> [Data provided]:
- Opening Delimiter -
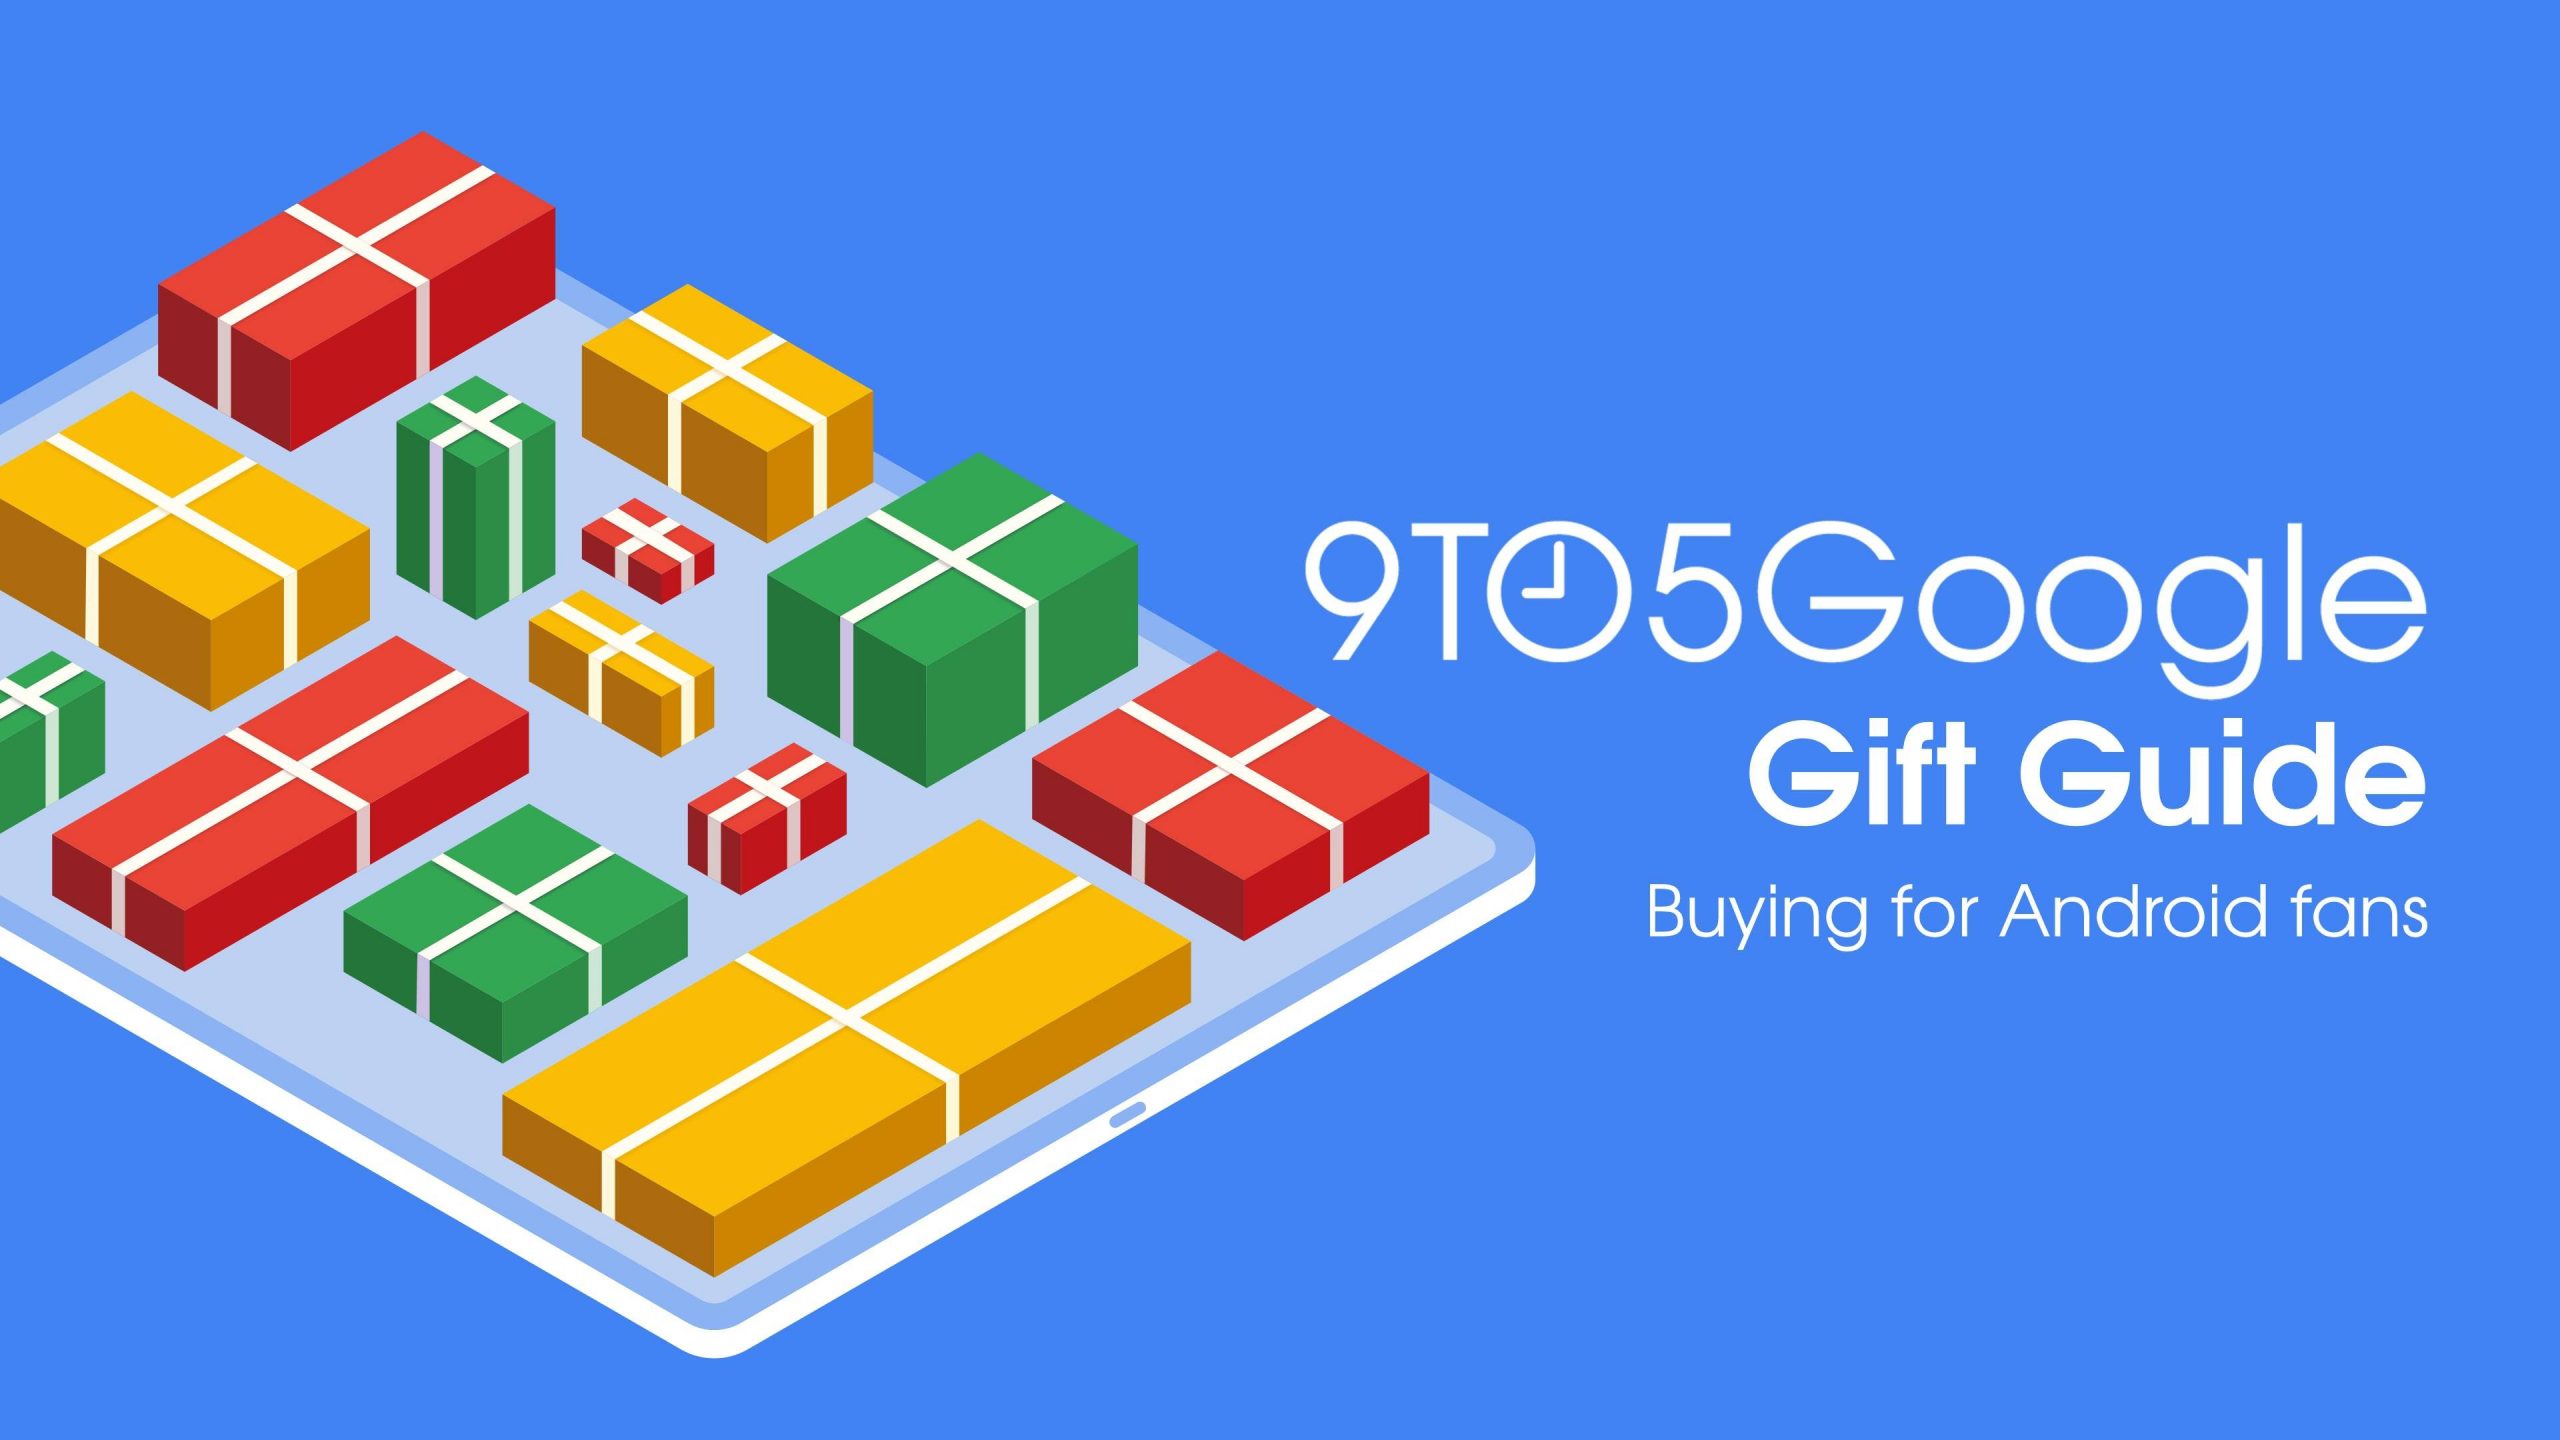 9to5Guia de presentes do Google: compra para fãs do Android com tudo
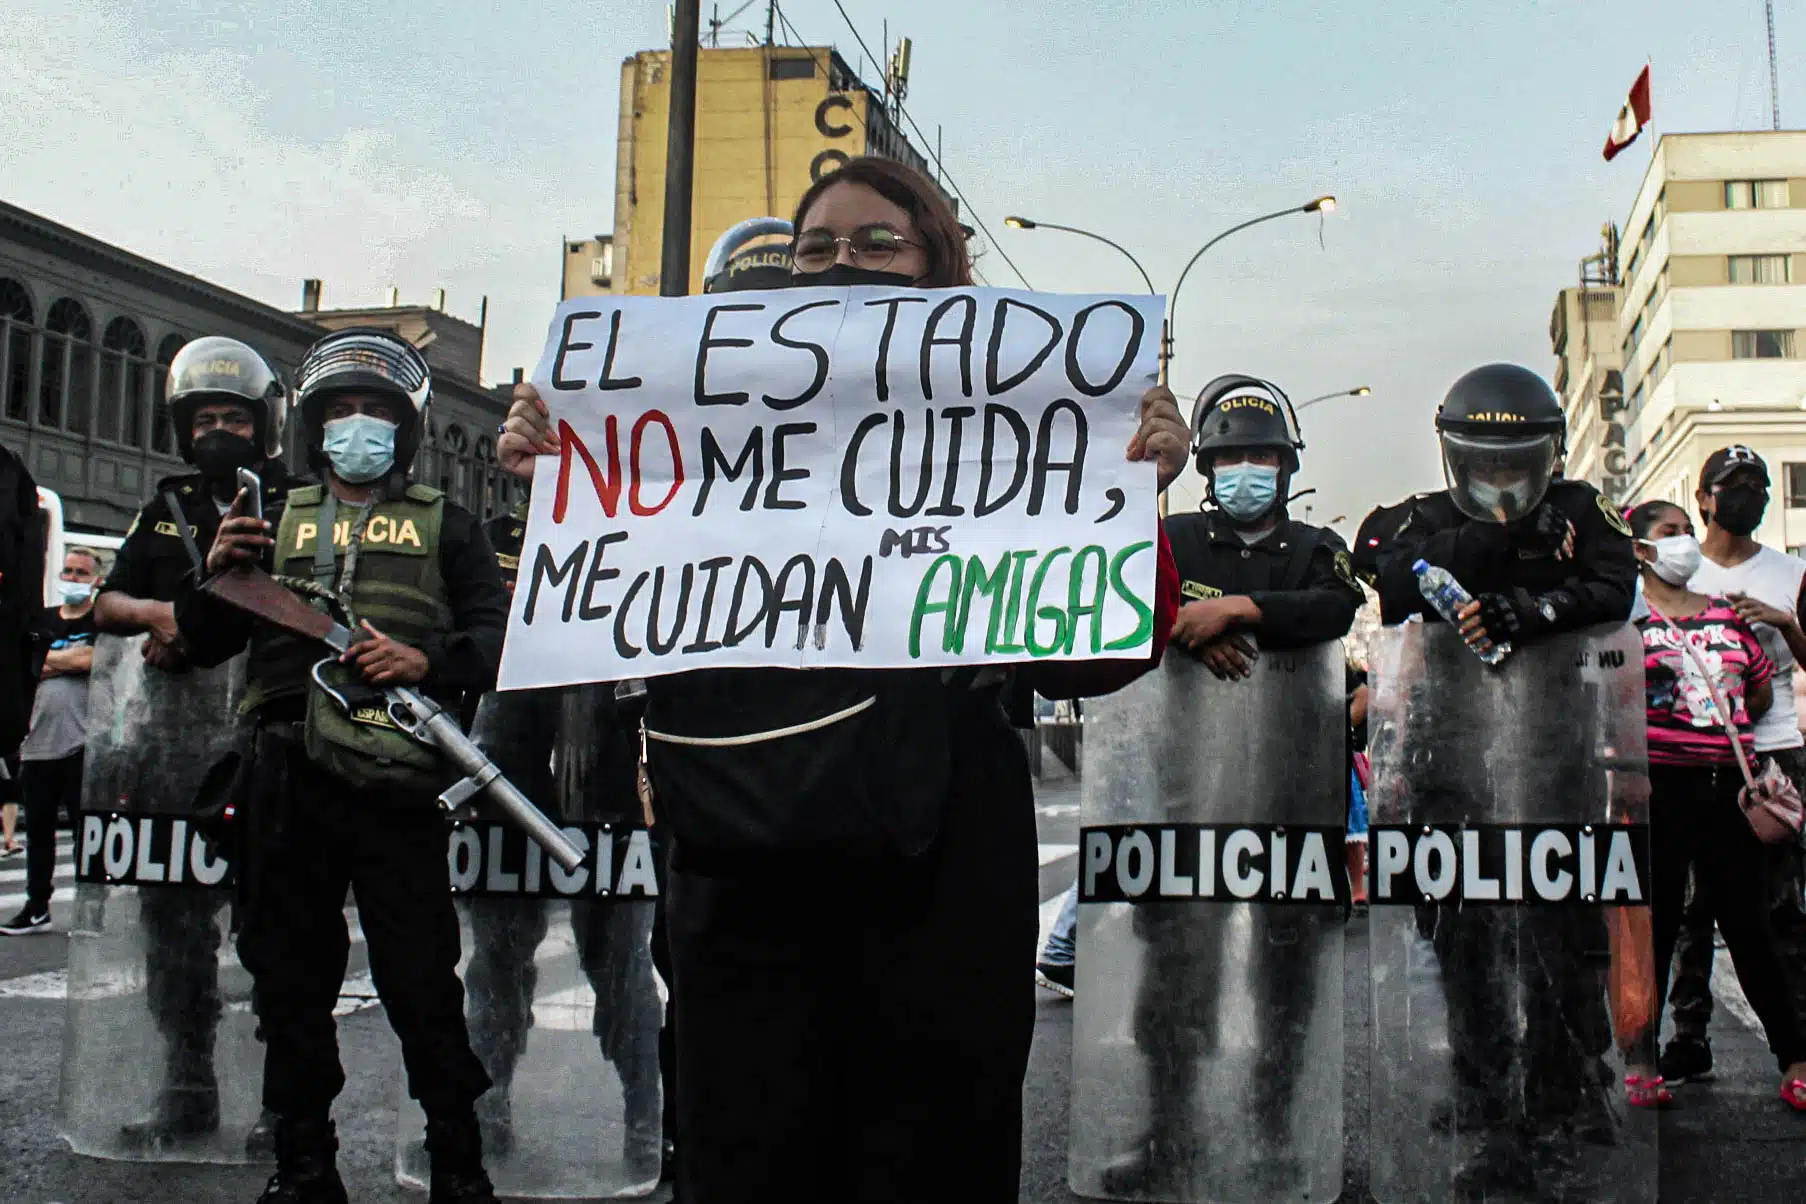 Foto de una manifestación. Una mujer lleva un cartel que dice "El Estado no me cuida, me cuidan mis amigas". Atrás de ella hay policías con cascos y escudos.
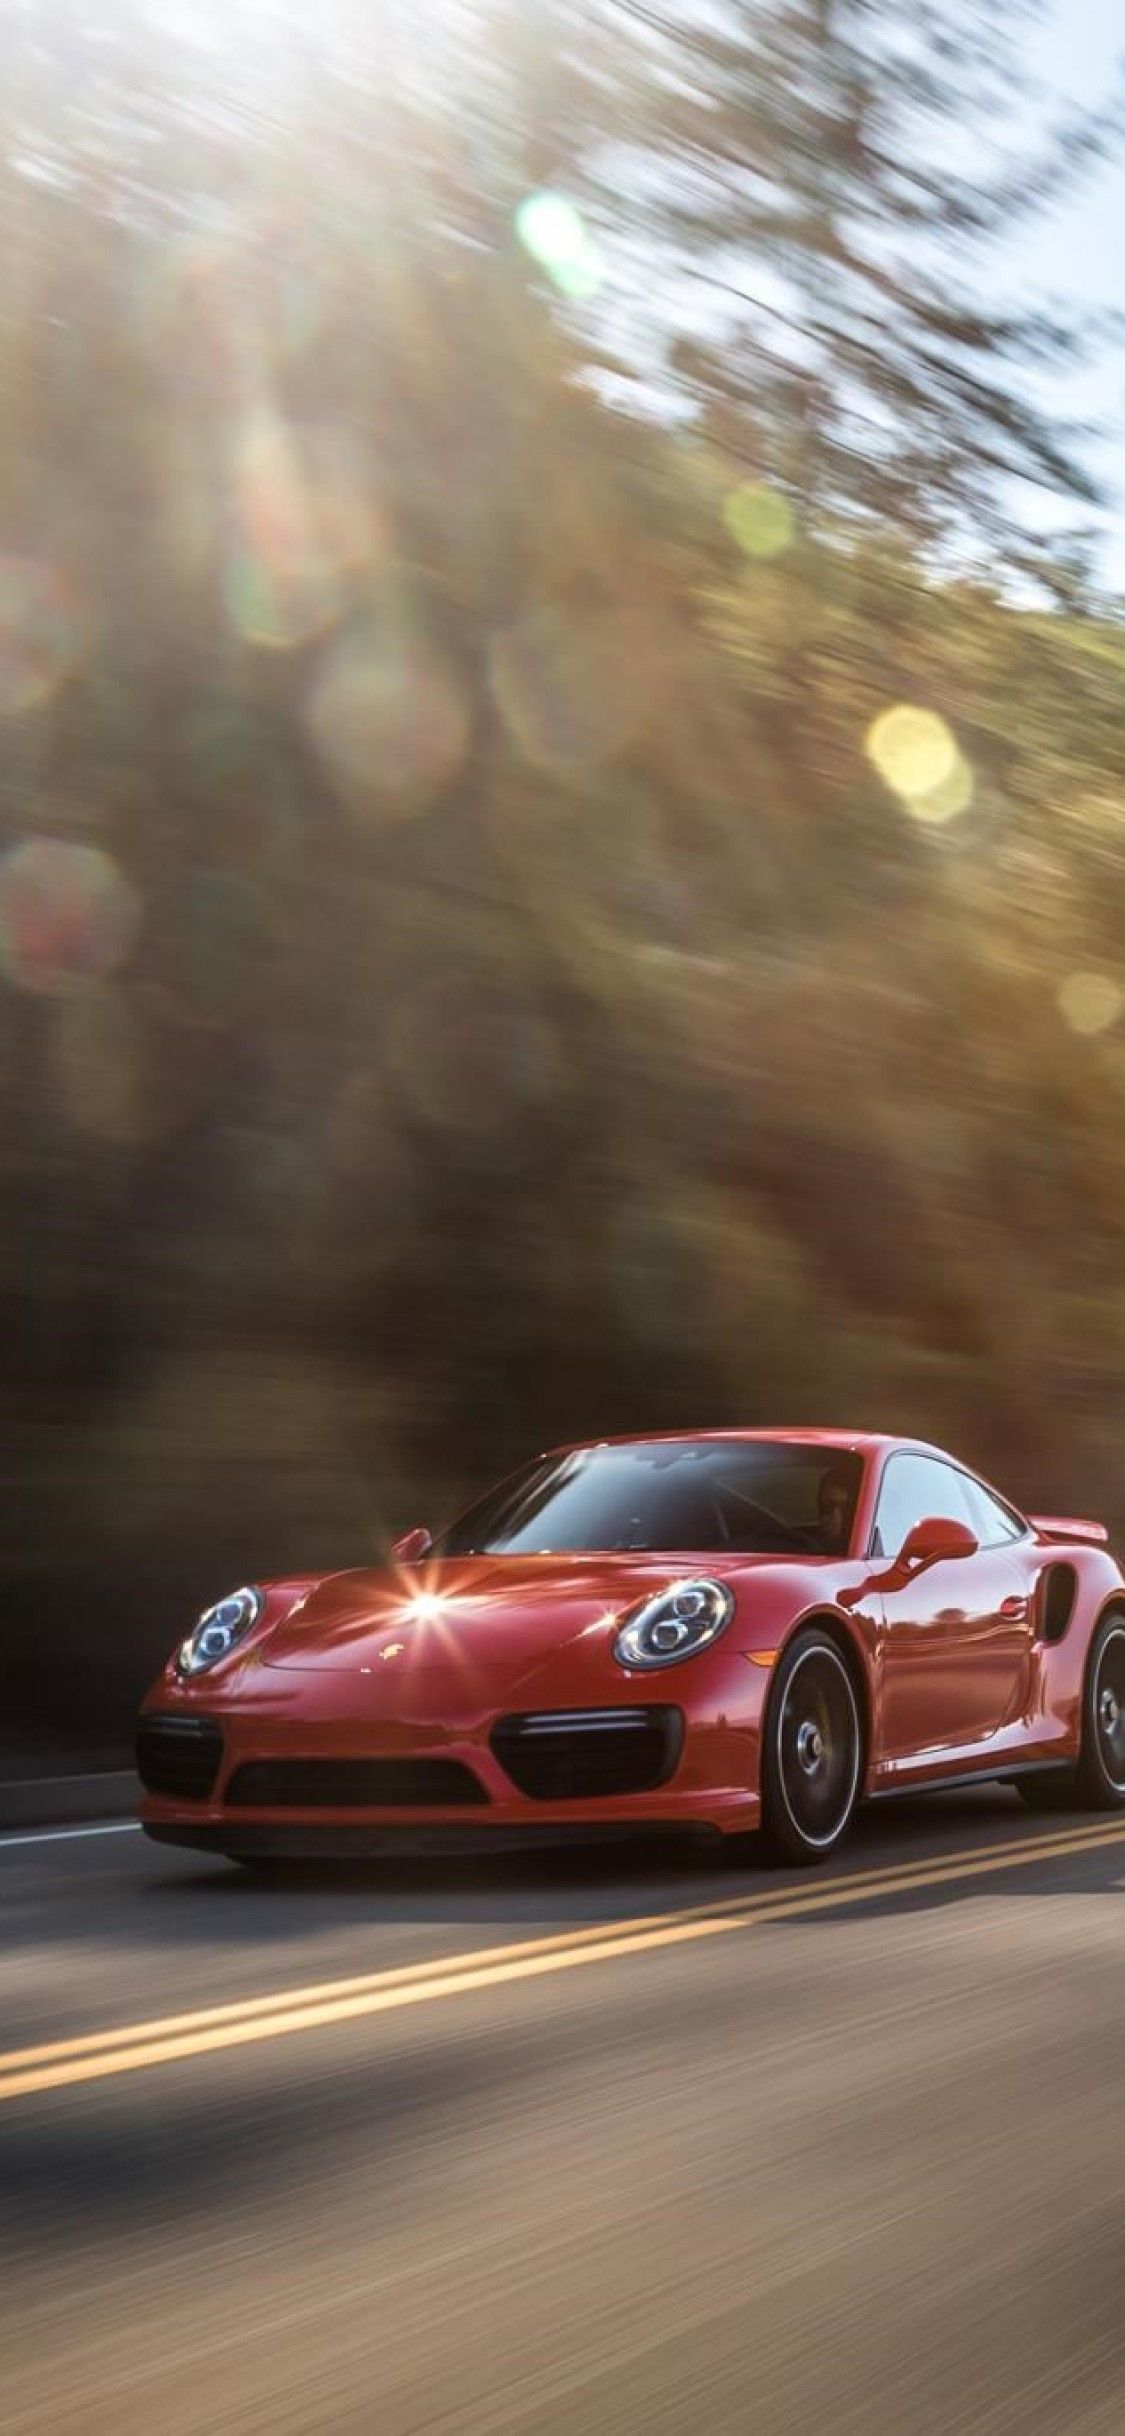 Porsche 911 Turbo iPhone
- Closing Delimiter -
> [Try it]:
Would you output the full listing exactly as it stands, minus the images?

> [Result below]:
 9to5Guia de presentes do Google: compra para fãs do Android com tudo
 Foto de una manifestación. Una mujer lleva un cartel que dice "El Estado no me cuida, me cuidan mis amigas". Atrás de ella hay policías con cascos y escudos.
 Porsche 911 Turbo iPhone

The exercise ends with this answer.